Journalism professor Michael Socolow offers a more nuanced take. He compares Substack’s model to that of subscription-based newspapers run by political parties in early U.S. history, which was only superseded by mass news media by the advent of the penny press and advertiser-based revenue models in the 1850s. While this advertiser-based model has collapsed in the internet age, Socolow emphasizes that Substack’s subscription model, like historical subscription-based political papers, can never support mass media in the way that Substack’s founders hope and critics fear it will. But Socolow ultimately echoes Oremus’ hope that Substack, by questioning journalism’s financing models and “explicitly asserting that good journalism and commentary are worth paying for”, can help drive journalism as an industry to find more solid financial footing and compromise its own standards less.
For all the diversity of perspectives represented in this section, note that they all center around a single perspective: the impact of Substack on established news publications, or the impact of Substack on larger societal concerns compared to the impact that established news publications previously played in the same areas.
On established news publications, this is the framing that has dominated discussion about Substack. The perspectives of the more direct producers and consumers of Substack as a platform, though, reveal completely different narratives.
Why do writers turn to Substack, with several leaving prestigious positions at established institutions to do so?
Substack’s official answer from the beginning has been that it’s economically advantageous — and, in the long run, economically necessary — for writers to do so. The 2017 company launch post makes the same assessment of the existing business model for journalism as Oremus and Socolow made years later: the ad-funded model of news publications, though it propelled the penny press papers of the 19th century and continued to support mass news media into the present day, is on its deathbed thanks to the internet. As an alternative, it points to success stories from writers directly making money from readers. Along with profitable subscription-based publications like Andrew Sullivan’s The Dish, Jessica Lessin’s The Information, and Ben Thompson’s Stratechery, the blog post mentions several writers across niches funded by fans on Patreon. This direct-subscription model is what Chris Best and Hamish McKenzie write will lead to a “new golden age for publishing”. Substack’s mission is to accelerate the adoption of this model, and “Substack’s goal…can be summed up in one sentence”, Best and McKenzie write: “Make it simple to start a publication that makes money from subscriptions.”

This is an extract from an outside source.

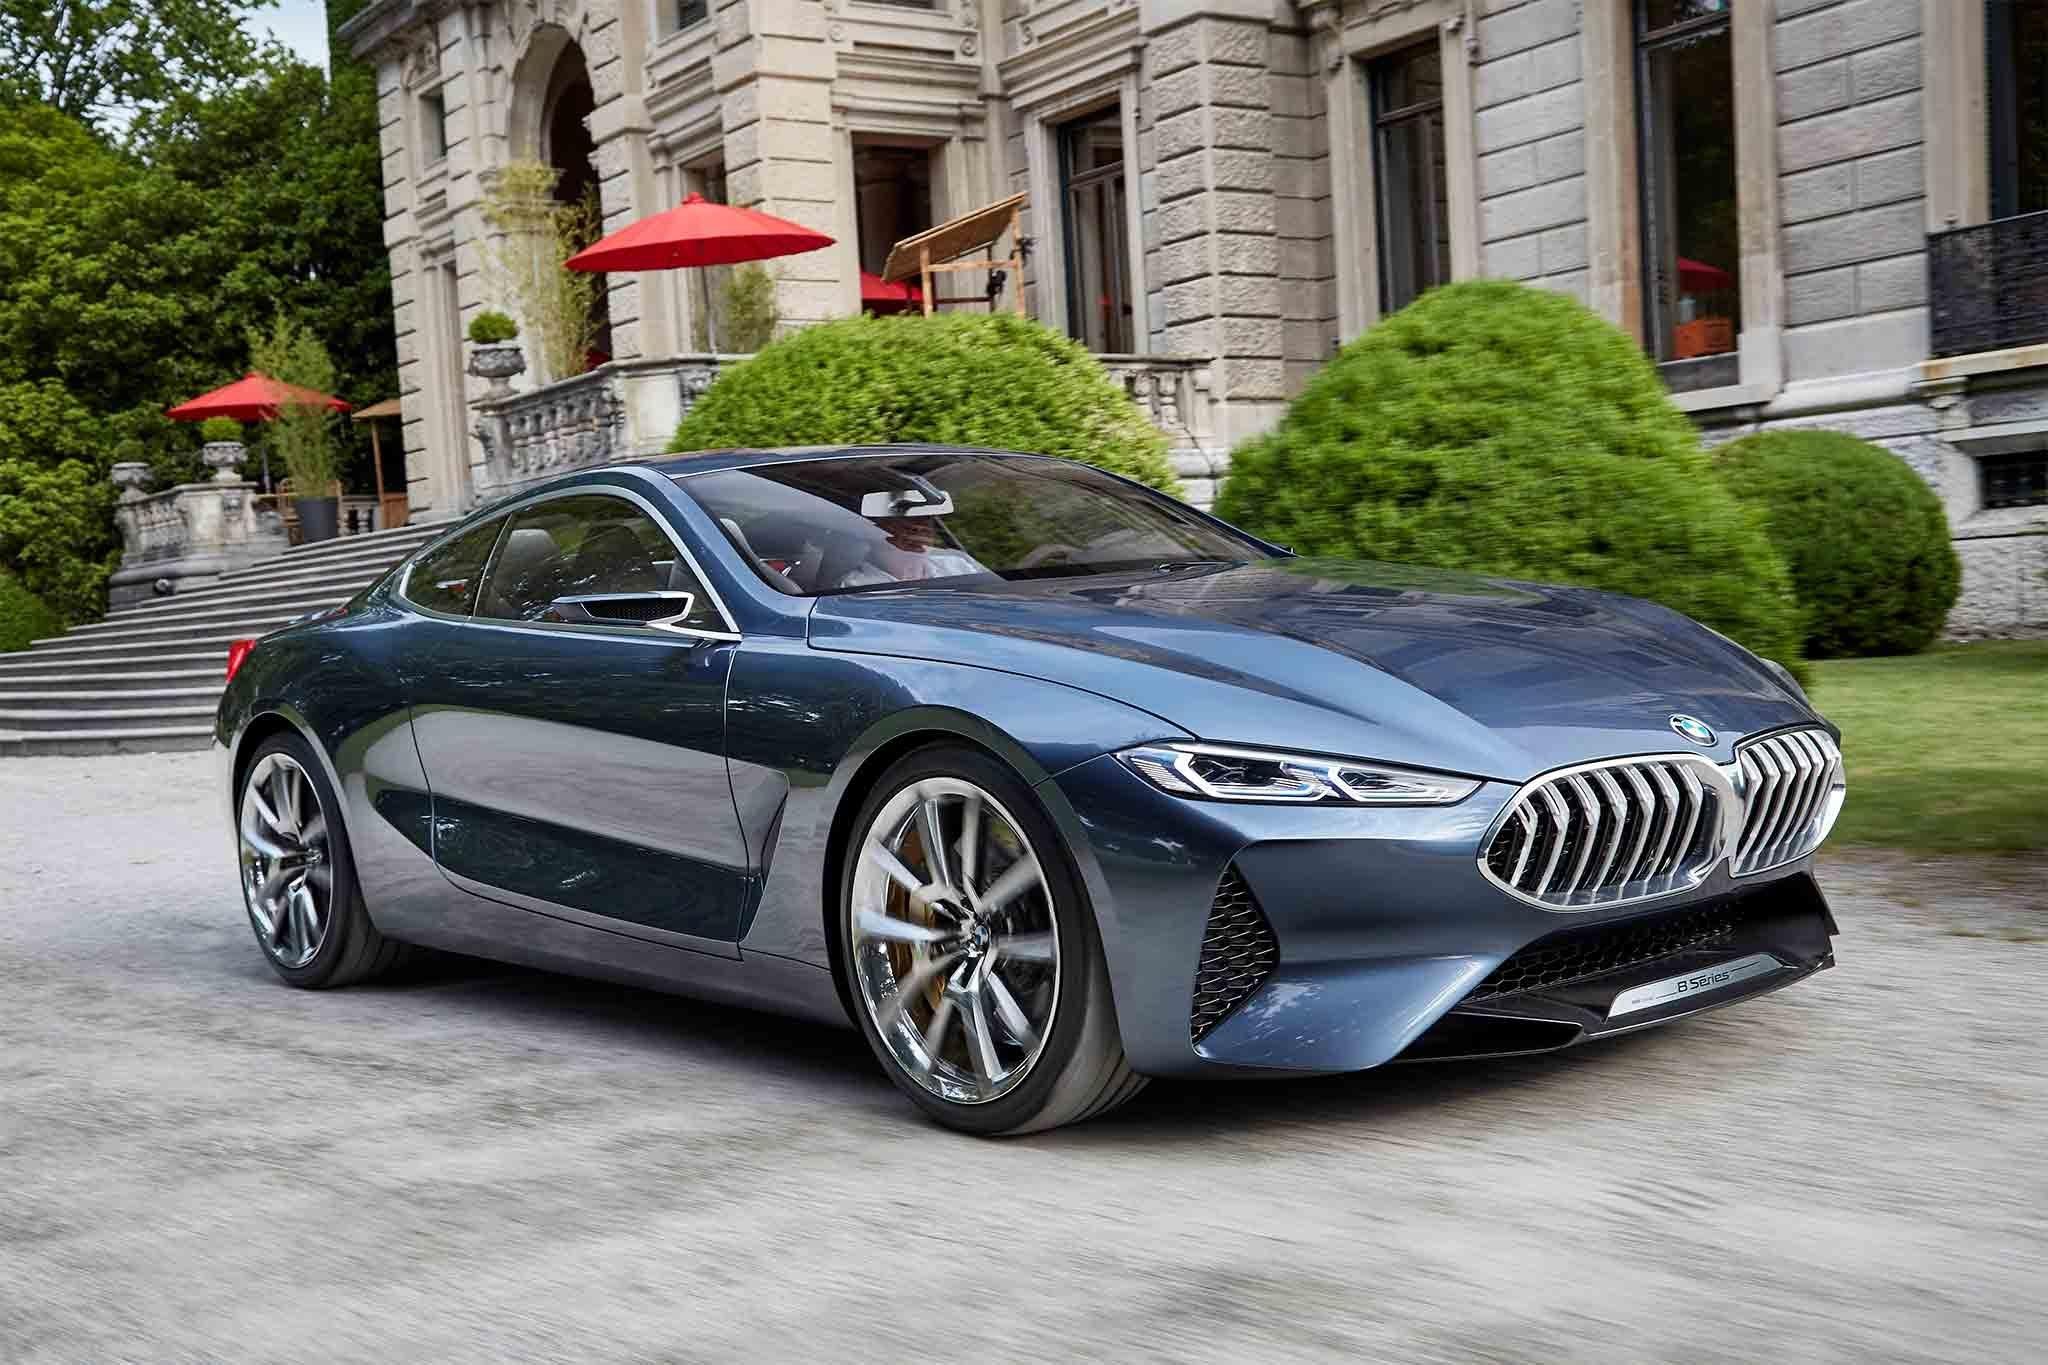 The 2019 Bmw 8 Series Coupe: Is It Ever Enough For Bmw? Release Date

And fair enough, there are a huge variety of thriving publications on Substack, offering content ranging from political and cultural commentary, to business and financial insights, to recipe lists. The production teams behind this content range from straightforward one-person newsletters to entire staff teams running full-fledged newsrooms. The only thing that they seem to have in common is reliance on Substack’s subscription-based revenue model, as Substack claims.
Even limiting consideration to political newsletters — which made up eight of the top ten paid Substack newsletters in October 2021 — Substack is host to a variety of high-profile voices: Roxane Gay and Edward Snowden run newsletters right alongside Andrew Sullivan and Glenn Greenwald. But it’s notable that three of these eight top writers (Sullivan, Greenwald, and Matt Taibbi) were high-profile figures in the establishment who came to Substack for the same outspoken reasons: because they felt stifled by their existing publications and the “mainstream media” in general, and viewed Substack not just as an economically preferable alternative, but one that offered an ideological platform that opposed the supposed intellectual repression of the mainstream platforms from which they came.

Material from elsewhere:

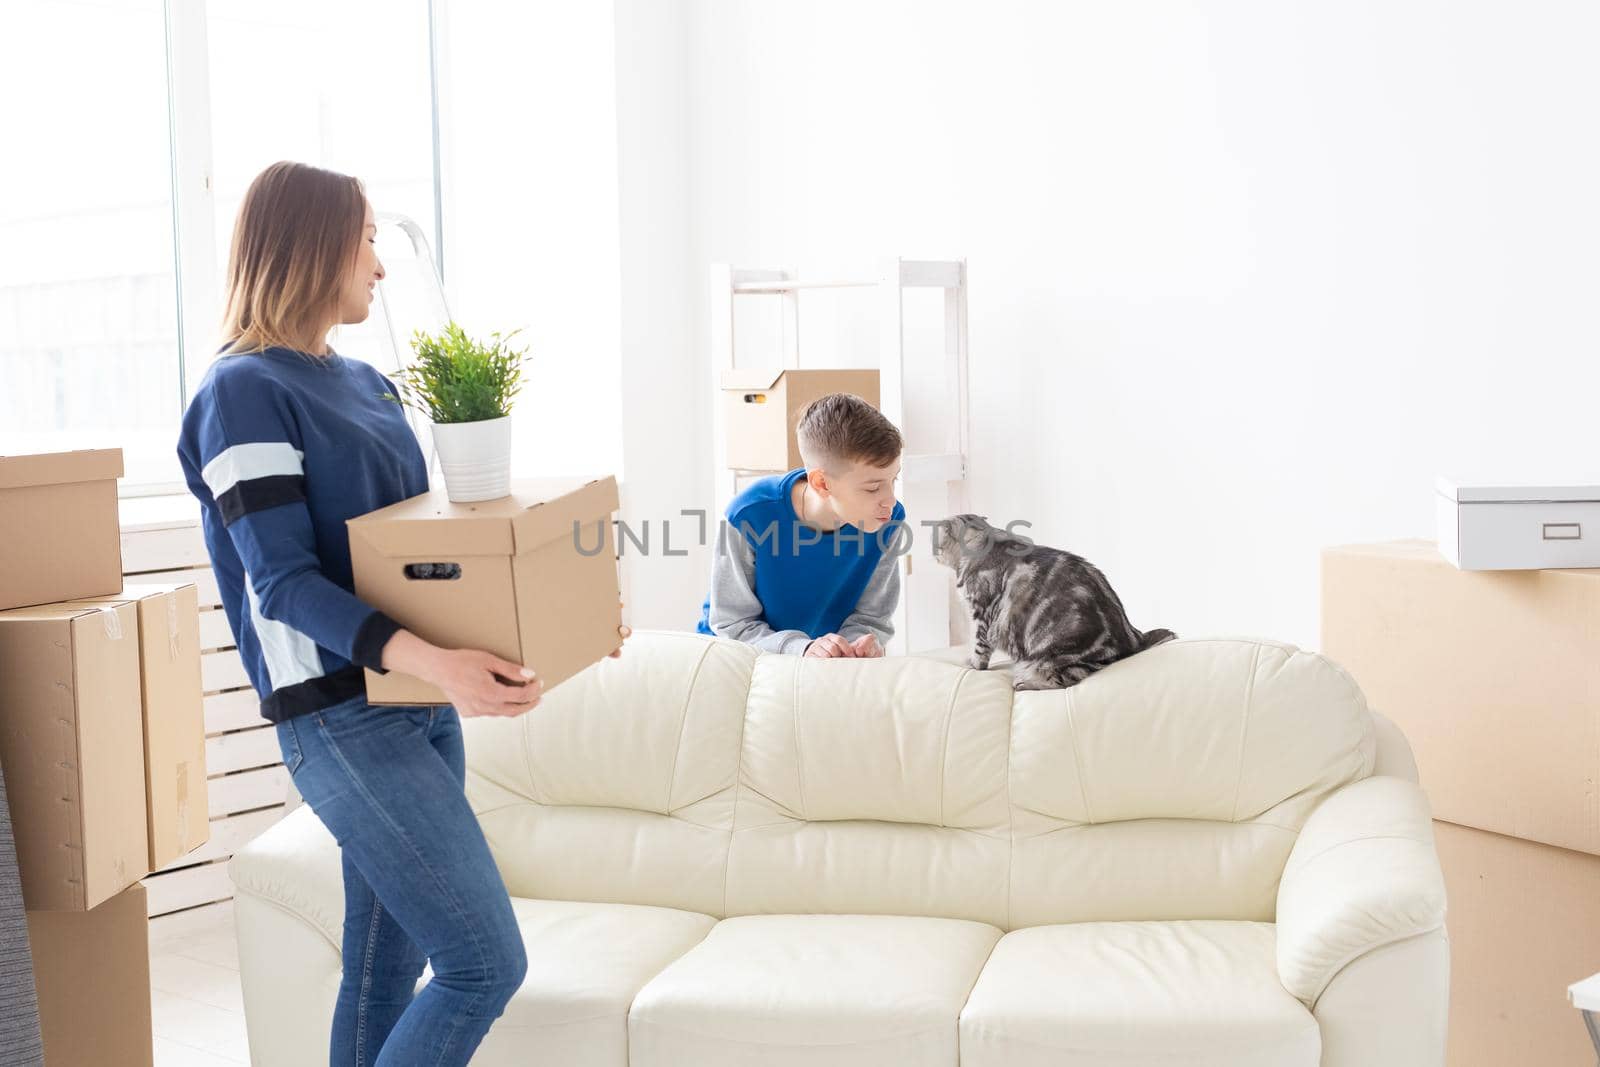 Slim positive young mother and a cute boy son arrange things and communicate with their scottish fold cat. Housewarming and relocation concept by Satura86
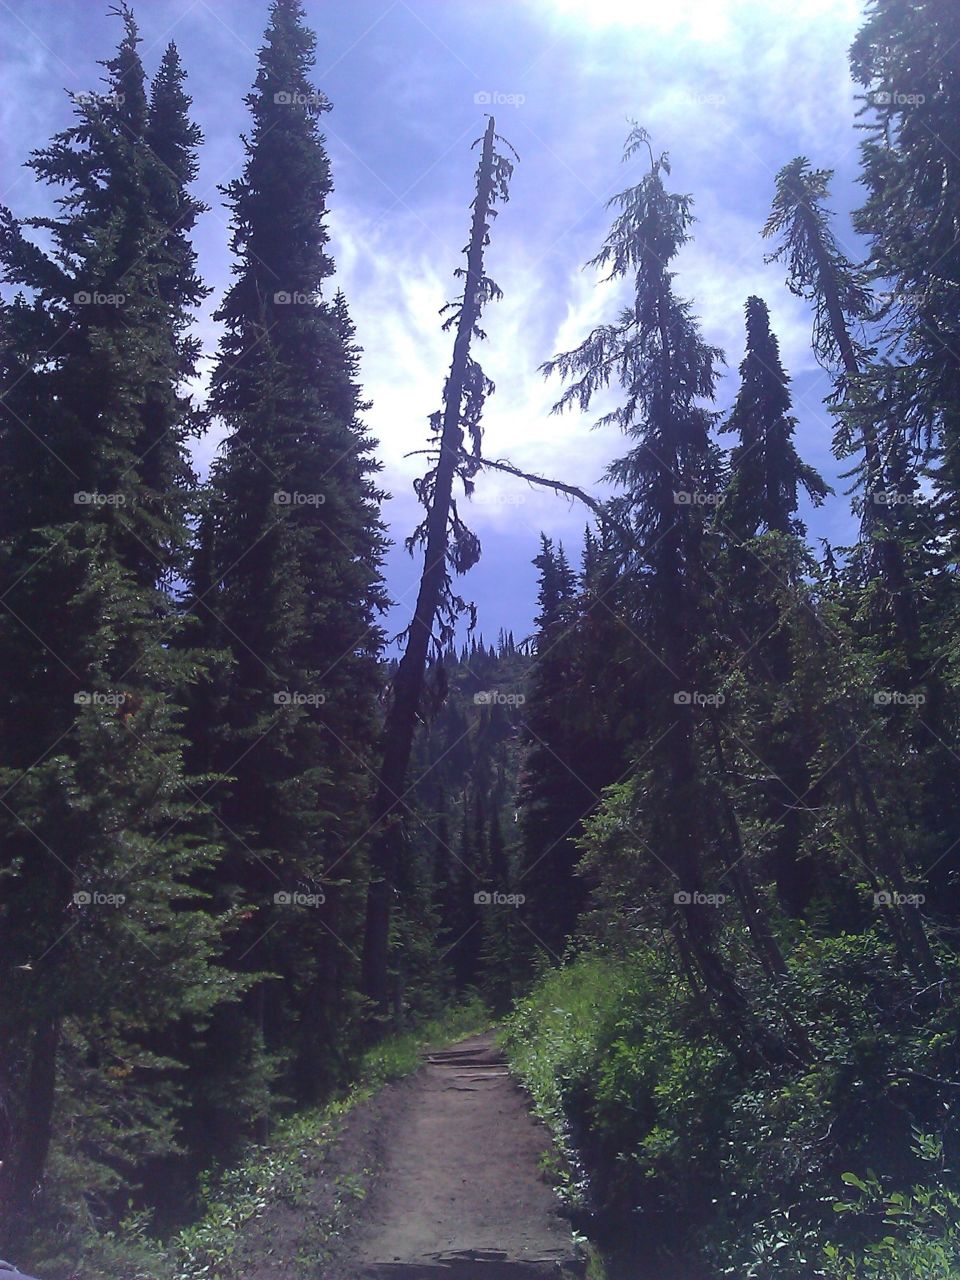 Trees Overlooking A Path. Hiking in the Mt. Rainier National Forest I came across several trees overlooking the trail I was on.

Greenwald’s announcement of his move was the most aggressively oppositional towards the “mainstream”. After editors from The Intercept, a publication Greenwald co-founded, asked him to rewrite an article he wrote about media coverage of Biden to exclude discussion of the Hunter Biden scandal that assumed the truth of the matter, and furthermore asked him not to publish it in another publication, Greenwald felt that the publication was blatantly censoring his writing, the last straw in a long series of deviations from his original vision for it as a platform for aggressive, mainstream-opposing journalism. In October 2020, he published a Substack post announcing his resignation from The Intercept and his move to Substack. “Rather than offering a venue for airing dissent, marginalized voices and unheard perspectives, [The Intercept] is rapidly becoming just another media outlet with mandated ideological and partisan loyalties,” he wrote.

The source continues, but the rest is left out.